Note carefully the signs in the above example. The inequality condition is $A_{ineq} x \le b_{ineq}$, which is equivalent to $A_{ineq} x + s = b_{ineq}$ with $s \ge 0$, i.e. $s$ in the Nonnegative cone. The SOC condition is $x \in \mathcal{K}_{SOC}$, or equivalently $-x + s = 0$ with $s \in \mathcal{K}_{SOC}$.
Solver Settings
Solver settings for the Clarabel's default implementation in Rust are stored in a DefaultSettings
object and can be modified by the user. To create a settings object using all defaults you can call the constructor directly:
let settings = DefaultSettings::default();
Alternatively, you can use the DefaultSettingsBuilder
to specify custom settings.
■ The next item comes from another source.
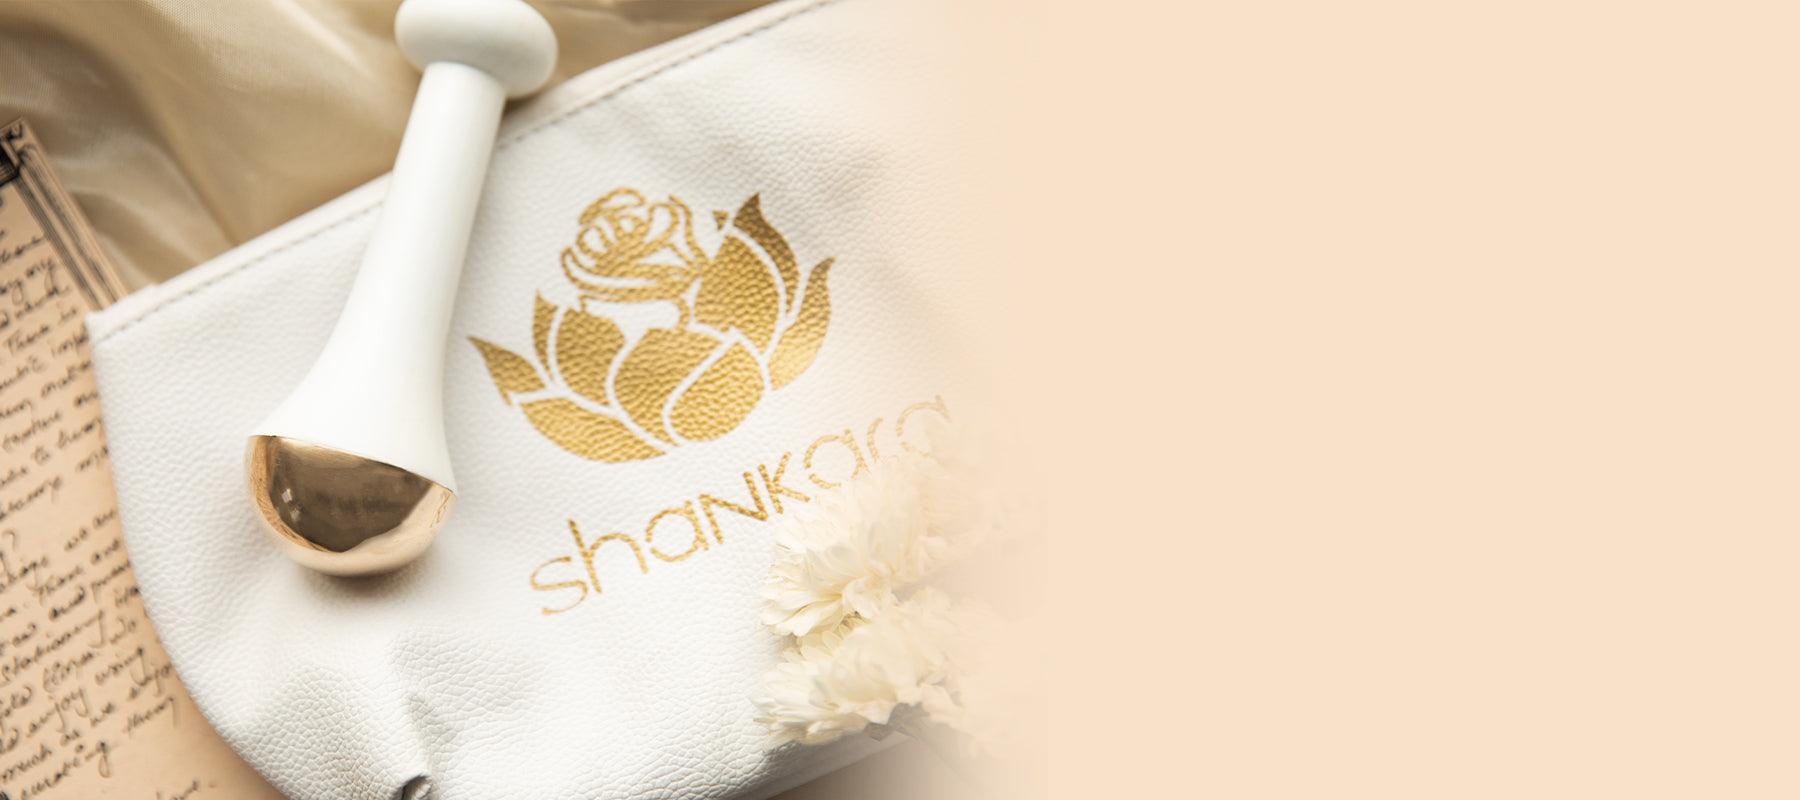 Specialty - Shankara India

For example, if you want to disable verbose printing and set a 5 second time limit on the solver, you can use:
let settings = DefaultSettingsBuilder::default()
.verbose(false)
.time_limit(1.)
.build()
.unwrap();
The full set of user configurable solver settings are listed in the Rust API Reference.
Making a Solver
Finally populate the solver with problem data and solve:
let mut solver = DefaultSolver::new(&P, &q, &A, &b, &cones, settings);
solver.solve();
Results
Once the solver algorithm terminates you can inspect the solution using the solution
field of the solver.
println!("Solution status = {:?}", solver.solution.status);
println!("Primal solution = {:?}", solver.solution.x);
println!("Dual solution = {:?}", solver.solution.z);
println!("Primal slacks = {:?}", solver.solution.s);
The outcome of the solve is specified in solver.solution.status
and will be one of the following :
Status Code | Description |
---|---|
Unsolved | Default value, only occurs prior to calling solve |
Solved | Solution found |
PrimalInfeasible | Problem is primal infeasible |
DualInfeasible | Problem is dual infeasible |
AlmostSolved | Solution found (reduced accuracy) |
AlmostPrimalInfeasible | Problem is primal infeasible (reduced accuracy) |
AlmostDualInfeasible | Problem is dual infeasible (reduced accuracy) |
MaxIterations | Solver halted after reaching iteration limit |
MaxTime | Solver halted after reaching time limit |
NumericalError | Solver terminated with a numerical error |
InsufficientProgress | Solver terminated due to lack of progress |
The total solution time is available in solver.solution.solve_time
.
Be careful to retrieve solver solutions from the solution
that is returned by the solver, or directly from a solver
object from the solver.solution
field. Do not use the solver.variables
, since these have both homogenization and equilibration scaling applied and therefore do not solve the optimization problem posed to the solver.